++++ DATA PROVIDED

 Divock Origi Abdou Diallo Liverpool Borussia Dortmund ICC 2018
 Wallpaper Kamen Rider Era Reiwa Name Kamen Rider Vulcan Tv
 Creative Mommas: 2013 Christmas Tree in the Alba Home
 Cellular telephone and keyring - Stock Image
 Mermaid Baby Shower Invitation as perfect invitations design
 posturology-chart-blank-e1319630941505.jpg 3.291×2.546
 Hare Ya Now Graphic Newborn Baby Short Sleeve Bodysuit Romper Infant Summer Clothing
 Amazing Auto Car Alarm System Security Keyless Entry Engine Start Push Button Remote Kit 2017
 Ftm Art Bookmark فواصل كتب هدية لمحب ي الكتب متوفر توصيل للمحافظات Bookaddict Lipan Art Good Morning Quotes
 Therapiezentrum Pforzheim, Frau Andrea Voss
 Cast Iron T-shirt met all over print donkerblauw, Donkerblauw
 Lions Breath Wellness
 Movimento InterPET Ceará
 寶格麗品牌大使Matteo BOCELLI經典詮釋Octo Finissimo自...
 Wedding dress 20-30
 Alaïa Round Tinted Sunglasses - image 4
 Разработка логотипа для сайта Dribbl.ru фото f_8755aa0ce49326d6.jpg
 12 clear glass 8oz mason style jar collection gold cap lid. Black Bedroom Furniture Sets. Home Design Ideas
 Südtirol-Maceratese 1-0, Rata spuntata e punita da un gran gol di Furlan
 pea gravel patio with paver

++++++++

Keep to the lines above, from the first one through the line where "Amazing Auto Car" appears, and copy them exactly.

 Divock Origi Abdou Diallo Liverpool Borussia Dortmund ICC 2018
 Wallpaper Kamen Rider Era Reiwa Name Kamen Rider Vulcan Tv
 Creative Mommas: 2013 Christmas Tree in the Alba Home
 Cellular telephone and keyring - Stock Image
 Mermaid Baby Shower Invitation as perfect invitations design
 posturology-chart-blank-e1319630941505.jpg 3.291×2.546
 Hare Ya Now Graphic Newborn Baby Short Sleeve Bodysuit Romper Infant Summer Clothing
 Amazing Auto Car Alarm System Security Keyless Entry Engine Start Push Button Remote Kit 2017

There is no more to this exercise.